The Wheels Of Mutual Understanding Turn Faster

The changes are not happening overnight, and they are independent of politics and political change, but are all to do with cultural change. "Both sides understand each other's point of view and drive to advance science," said Yared, recalling the conversation he had some seven years ago with an FDA executive.
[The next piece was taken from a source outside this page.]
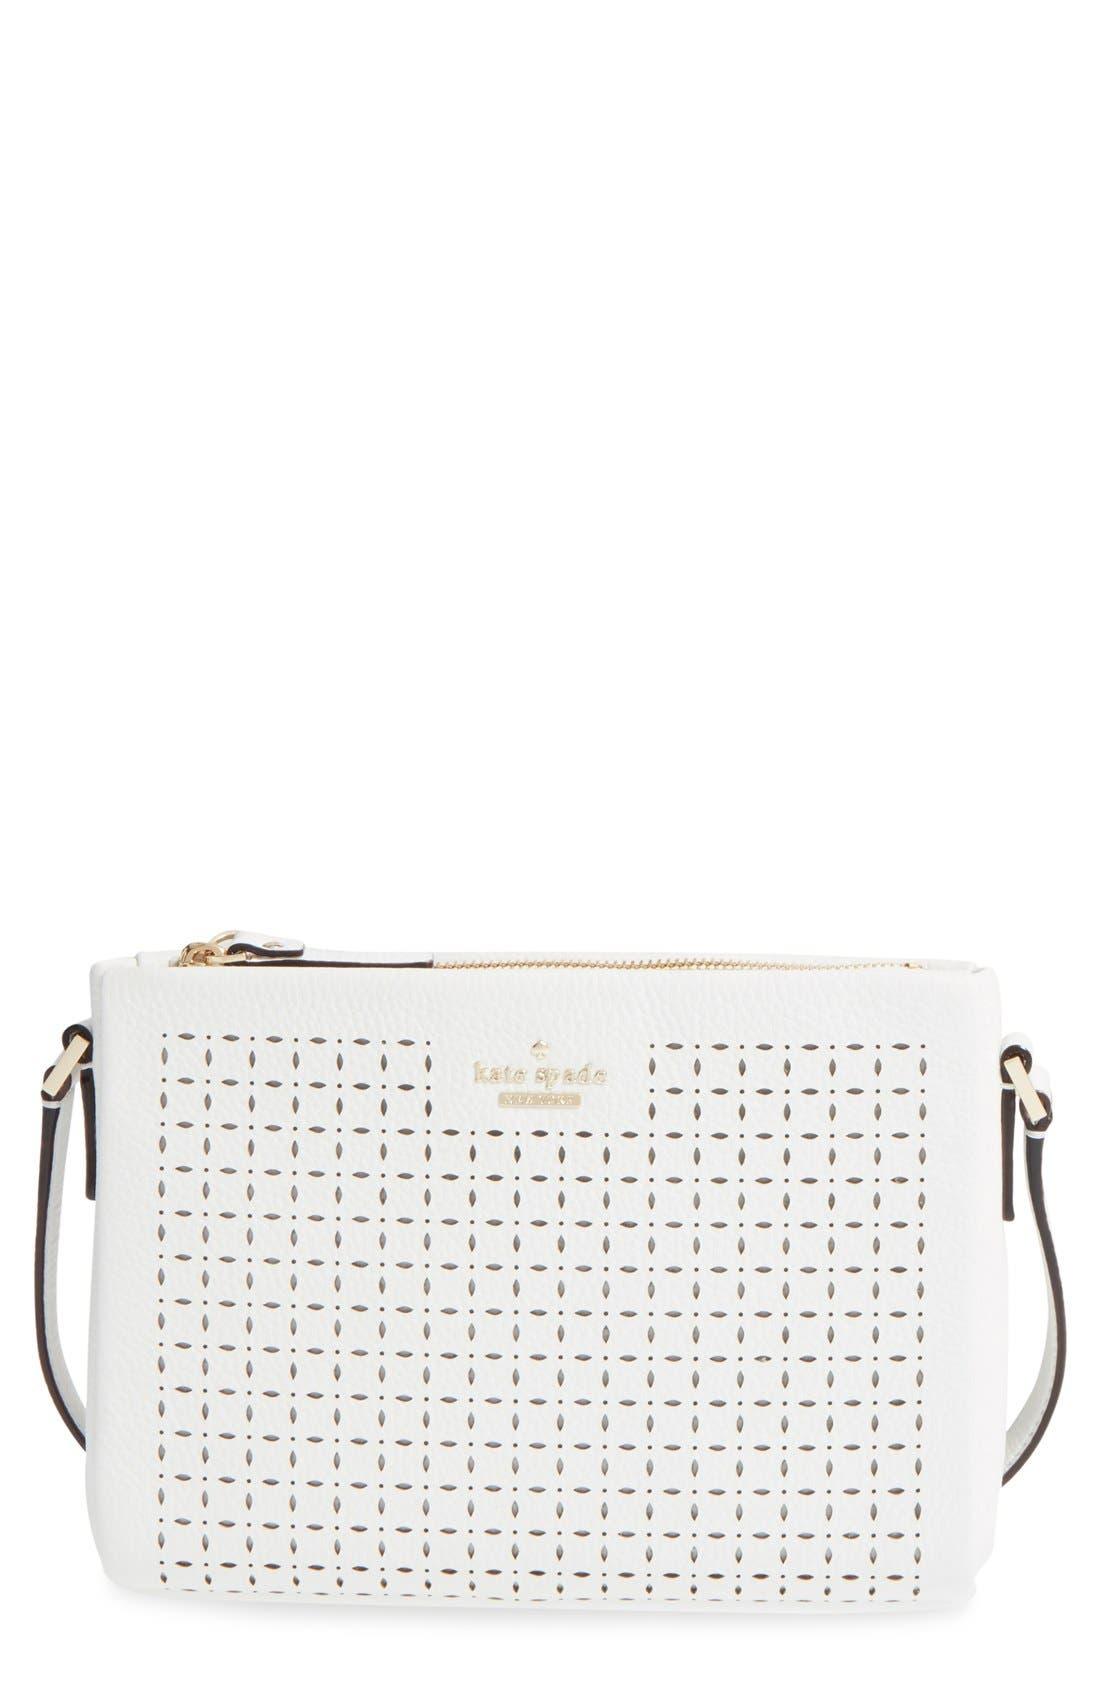 KATE SPADE NEW YORK, 'milton lane - lilibeth' perforated leather crossbody bag, Main thumbnail 1, color, 100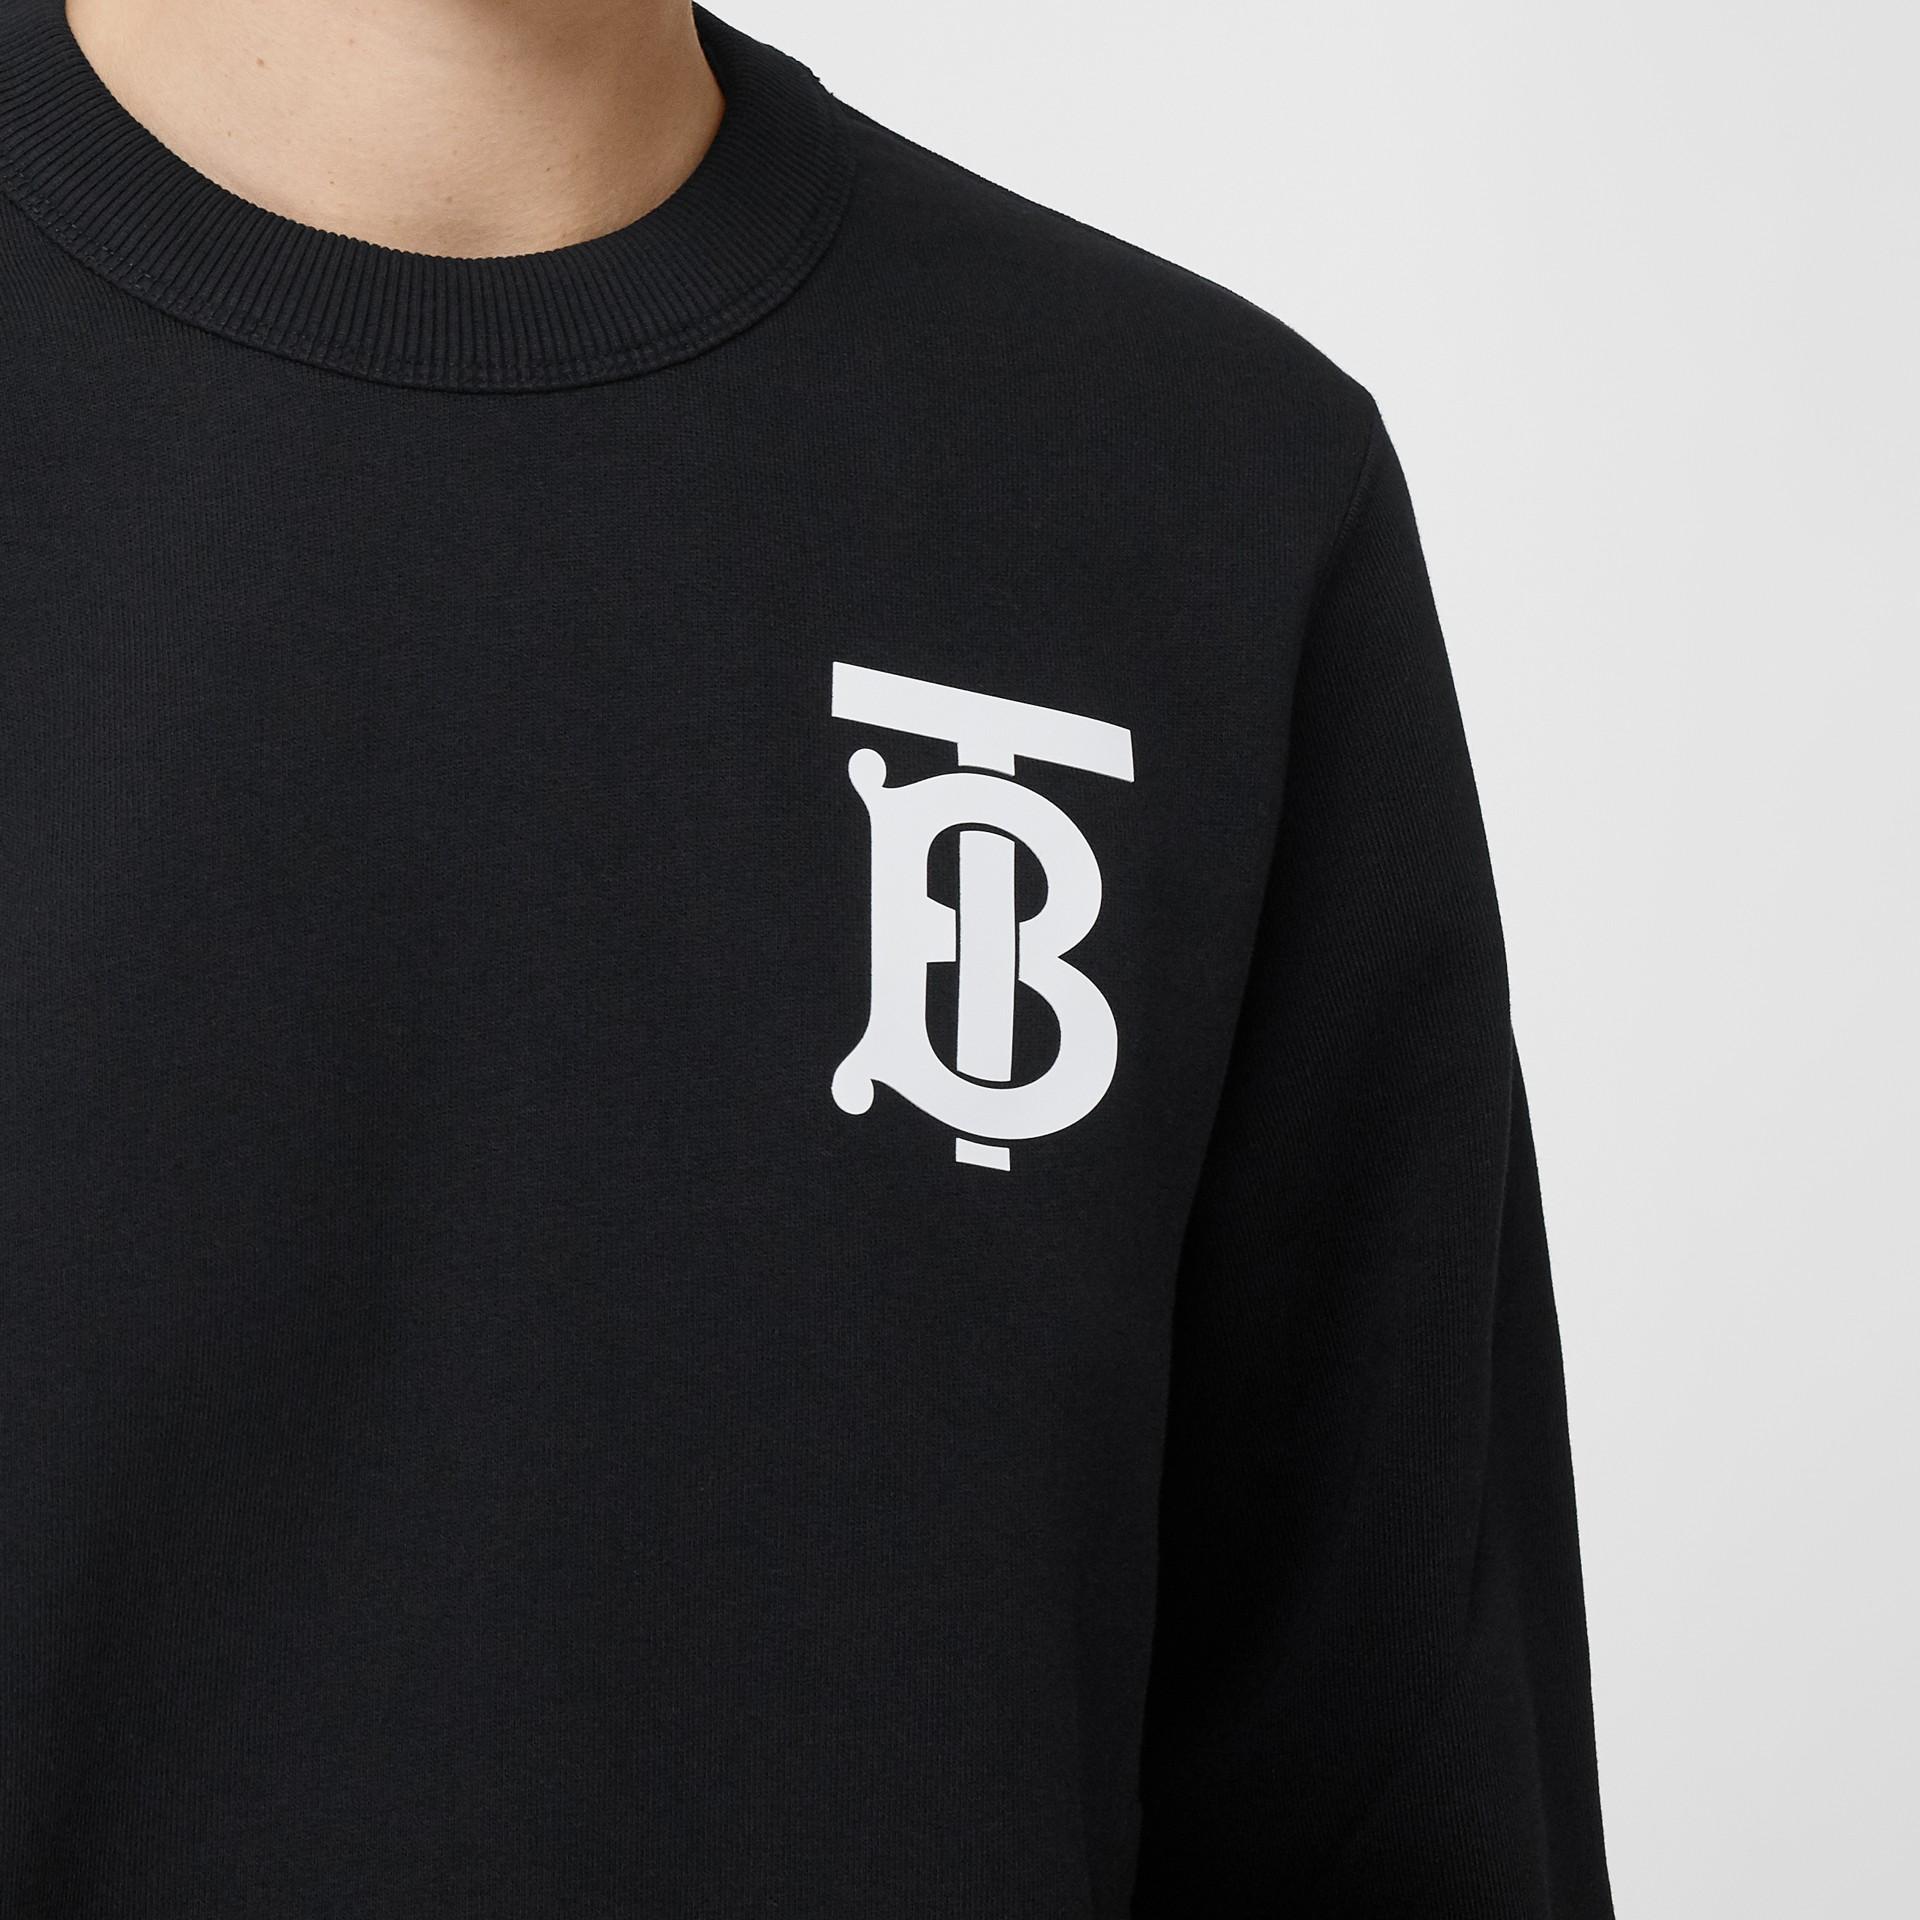 Monogram Motif Cotton Sweatshirt in Black - Women | Burberry United Kingdom - gallery image 1

Then, as an AdvaMed board member via CVRx Inc. (Barostim neo implantable technology for the treatment of high blood pressure and heart failure), Yared suggested that FDA should not be so much the "policeman" that approves or rejects products, but should let the patient and his/her physician make the final decision on therapy, based on FDA-approved data.

Three years ago, CDRH's Shuren used a Town Hall meeting to advocate his ideas for using automatic collection of big data produced by devices in real time, for a better understanding of risk. This means accepting a little bit more uncertainty, approving products earlier, maybe moving away from the binary, artificial world of pre- and post-market development phases, and developing a continuum of approval and uses. For example, the first uses of TAVR devices in the US were in high-risk patients, with FDA relying on registry data later on to expand the indication of use. "That’s what we're aiming for – use of real-time data, and evidence being developed faster, cheaper, easier," said Yared.

The level of tolerance to risk has to be decided by the patient and physician at the end of the day, Yared believes. He says Shuren has done a great job at CDRH, even though it took quite a while for the culture to shift at the FDA. And now it's time for CMS also to embark on this change, in Yared's view, although CMS has fewer resources and is more fragmented.

The Fight Against The Tax Goes On

Yared's two-year AdvaMed chairmanship runs until spring 2019. He has achieved much already, but remains firm and has an appetite for more. "We have so many issues to work on," he says, returning to the immediate matter at hand. "The tax is still not behind us, and although a suspension is better than nothing, it's not the end of the story."